Still, Epstein predicted about a foot of snow for most of eastern Massachusetts, with smaller amounts on Cape Cod and the Islands.
As of 4 p.m. Thursday, Boston had nearly a foot of snow, with higher amounts just west and south of the city:
But the Cape and Islands saw higher winds. Gusts of 75 miles per hour were recorded in Wellfleet and on Nantucket Thursday morning.
Outages were a concern all along the coast, especially in southeastern Massachusetts. Nearly 20,000 customers were without power as of 6 p.m. Thursday.
On Friday, the MBTA is planning to run regular service on its subways and buses, and on the commuter rail. Many buses were on snow routes Thursday, and the commuter rail ran limited service. Ferry service will remain closed on Friday.
Gov. Charlie Baker had asked residents to stay off the roads Thursday.
"We're all hardy New Englanders but it's pretty important for everybody to pay attention and be prepared for the impacts of this storm," Baker said.
The speed limit on the Massachusetts Turnpike was lowered to 40 miles per hour early Thursday.
Jim Quinn was headed into work as a paramedic when he stopped at the Natick rest area on the Pike to clean off his windshield. He said it took him an hour to get from Worcester to Natick.

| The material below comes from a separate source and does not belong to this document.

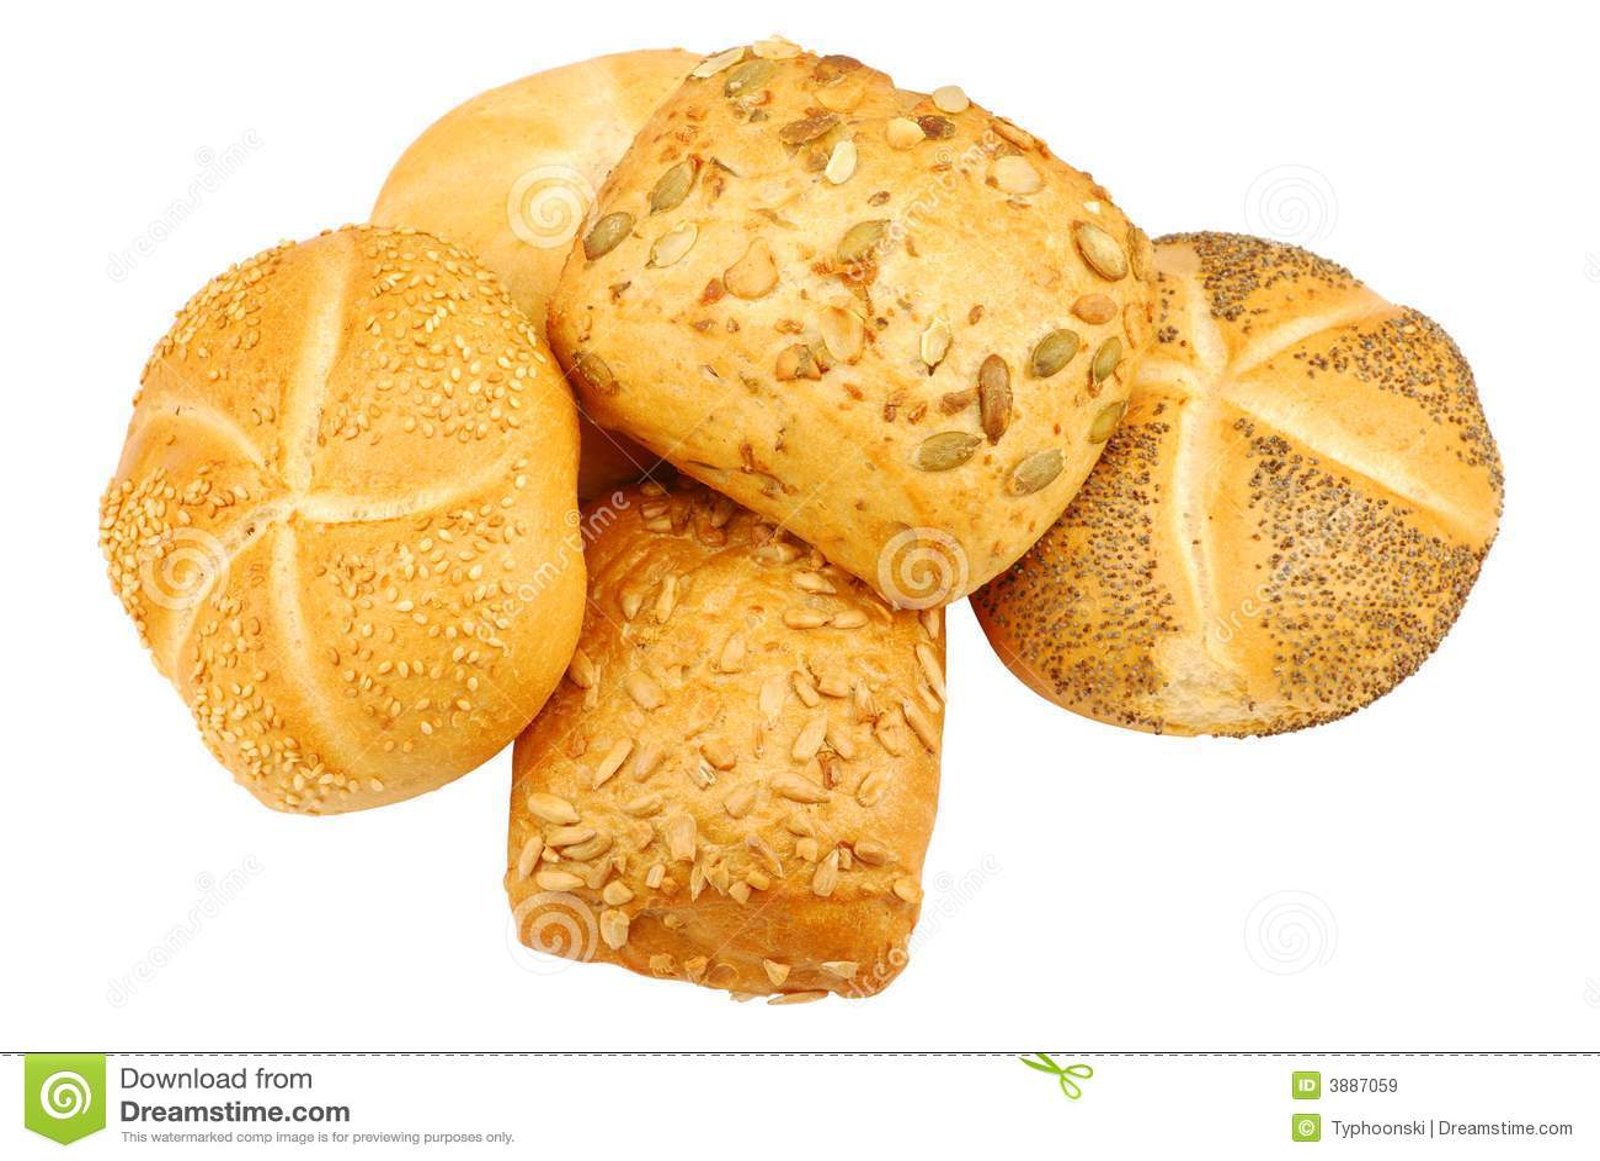 Rulli di pane fresco

"It's rough going," he said. "If I wasn't having to go to work I wouldn't be on the road. [There are] not a lot of plow trucks out there, but it's going faster than they can keep up with it."
The governor said the state was in contact with utilities in preparation for outages.
"That combination of very high winds and wet snow, followed by extremely cold temperatures, could lead to power outages," Baker said early Thursday, "which we will closely monitor and have currently planned to have utility crews staged and ready to respond to outages."
State officials stressed residents should take care to stay safe and warm during the storm, offering safety tips.
Schools across the state closed Thursday as well, including in Boston.
"Friday night and Saturday we're going to have very cold weather — below zero," Boston Mayor Marty Walsh said. "So it's important for us that we get this snow off of the ground as best we can [Thursday], because once the freeze comes in, it will be almost impossible to move the ice that will be formed."
The mayor also warned residents that they'll be ticketed for failing to shovel sidewalks. Boston is one of many communities with a parking ban in effect.